• **Aim of the task**: An exact copy of all the lines below is required, with every image left out.

• **Exercise data**:
************

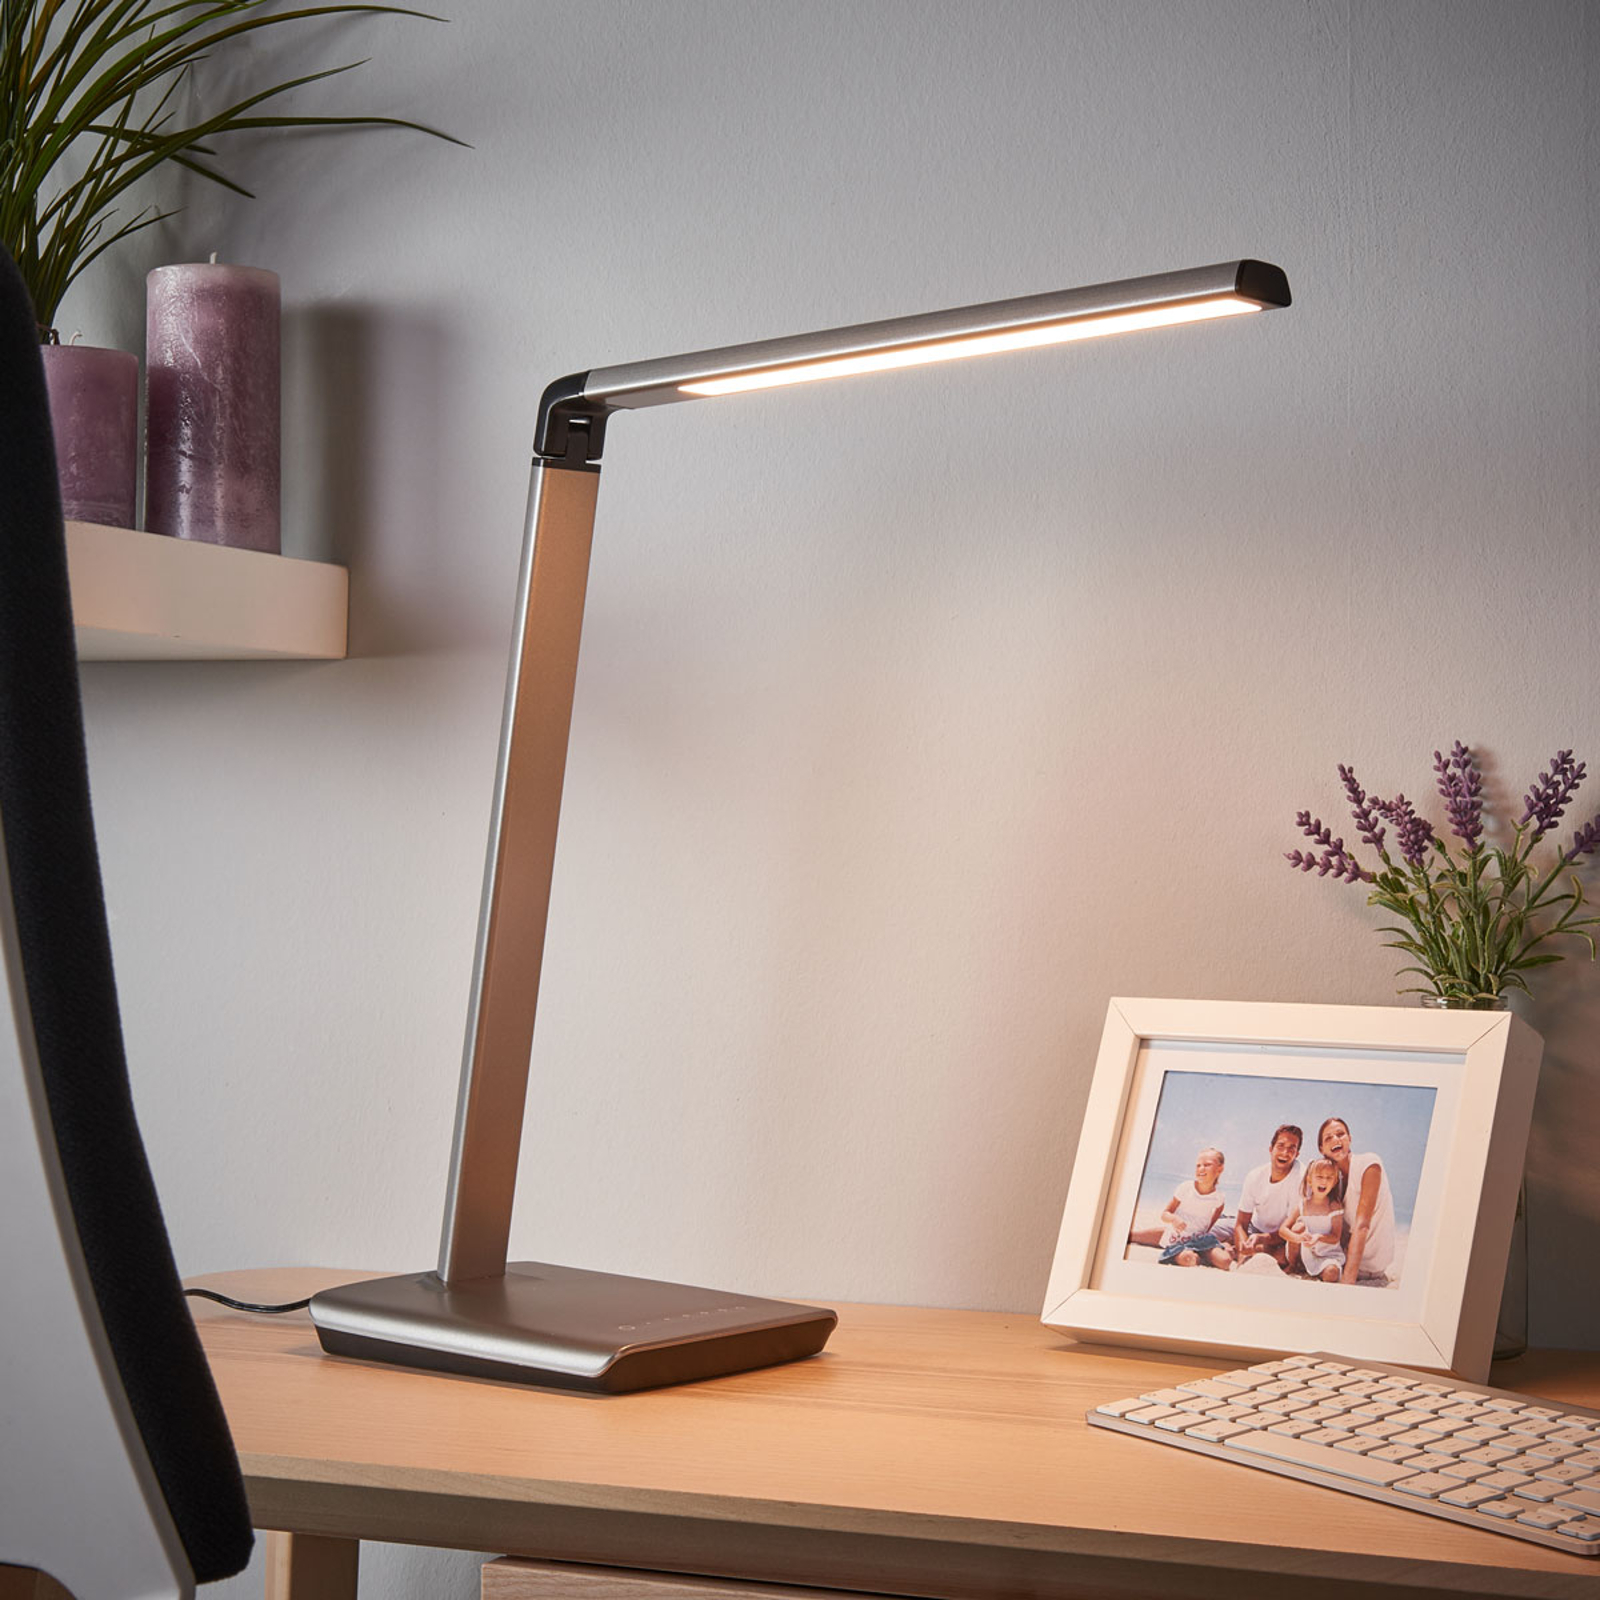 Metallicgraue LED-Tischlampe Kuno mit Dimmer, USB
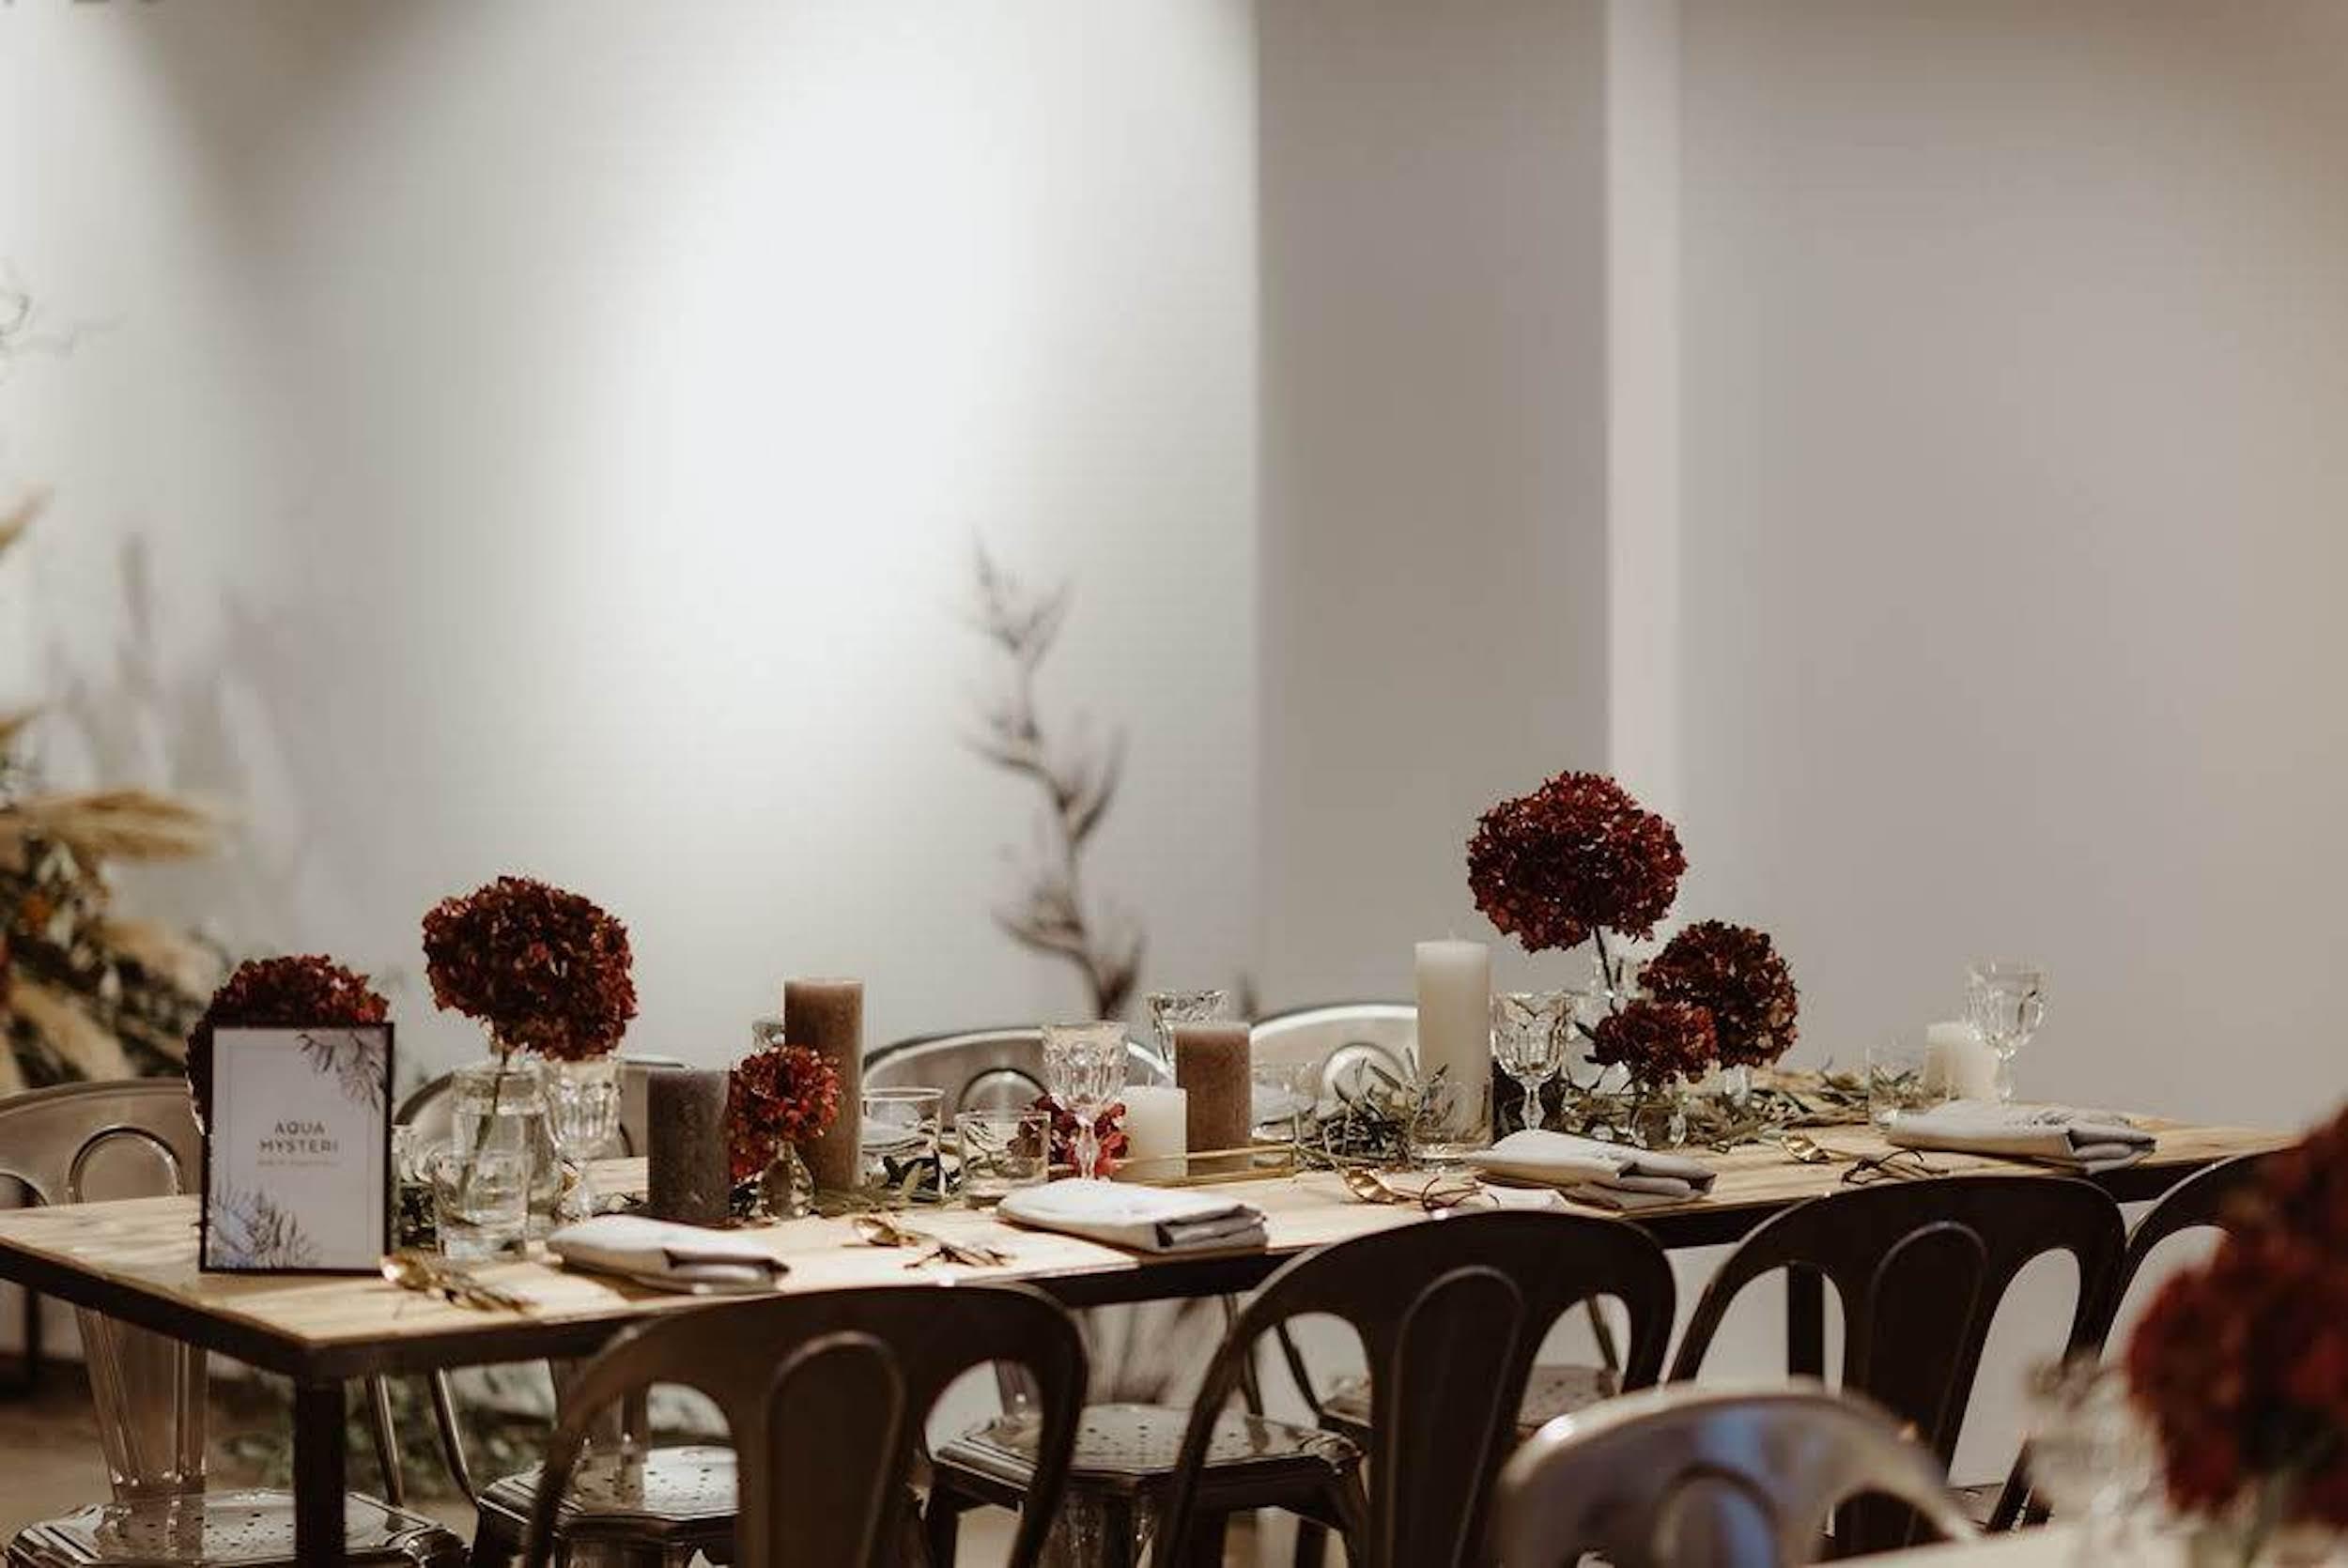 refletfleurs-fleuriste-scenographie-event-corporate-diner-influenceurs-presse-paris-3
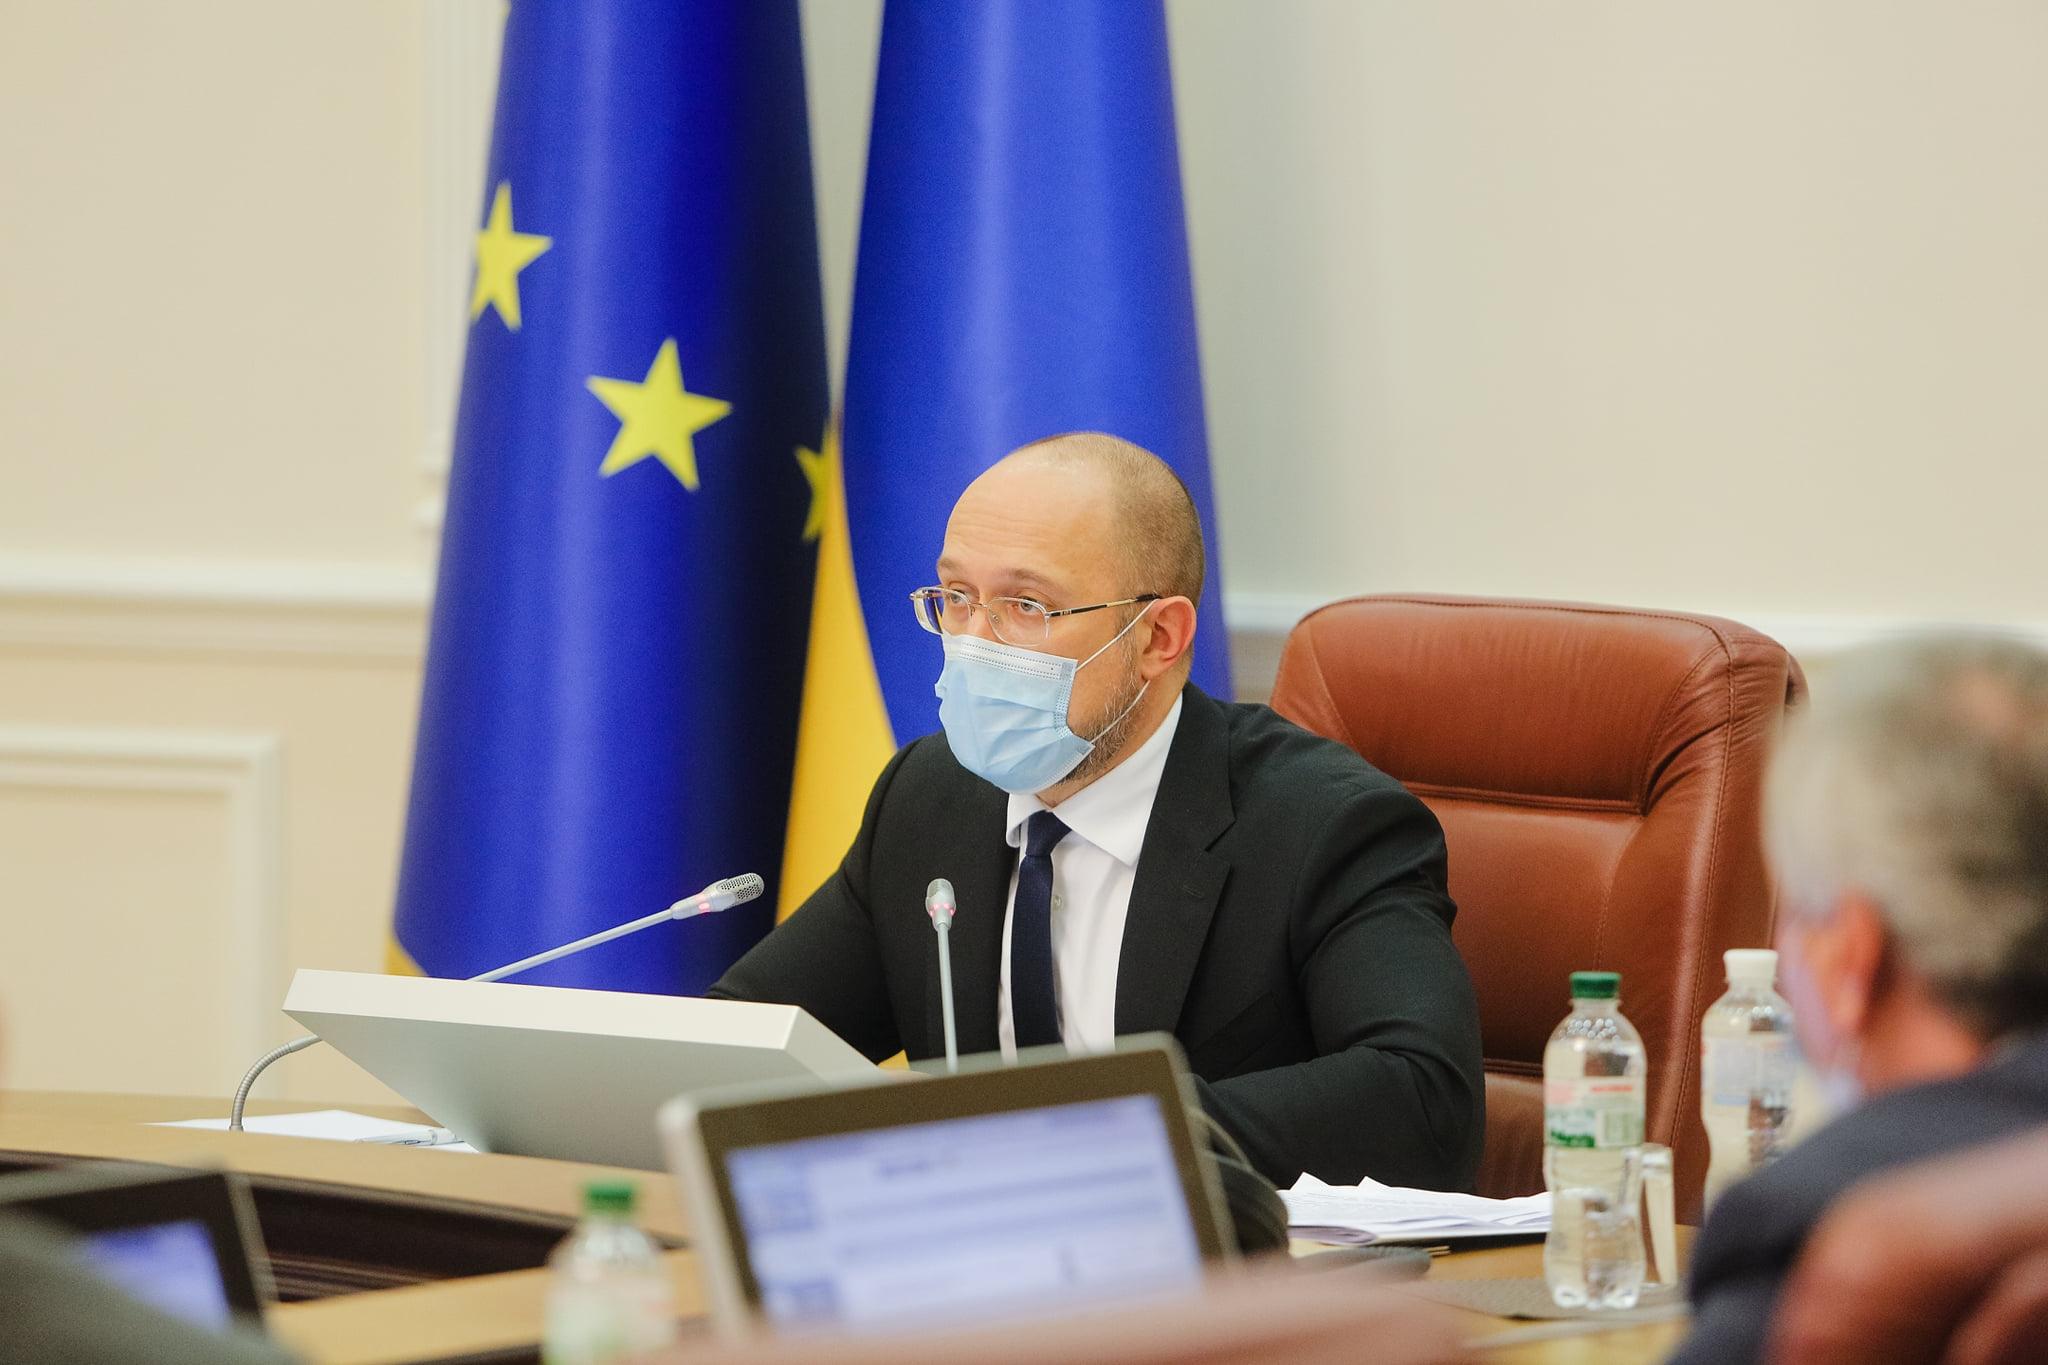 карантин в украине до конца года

************

• **Exercise response**:
 Metallicgraue LED-Tischlampe Kuno mit Dimmer, USB
 refletfleurs-fleuriste-scenographie-event-corporate-diner-influenceurs-presse-paris-3
 карантин в украине до конца года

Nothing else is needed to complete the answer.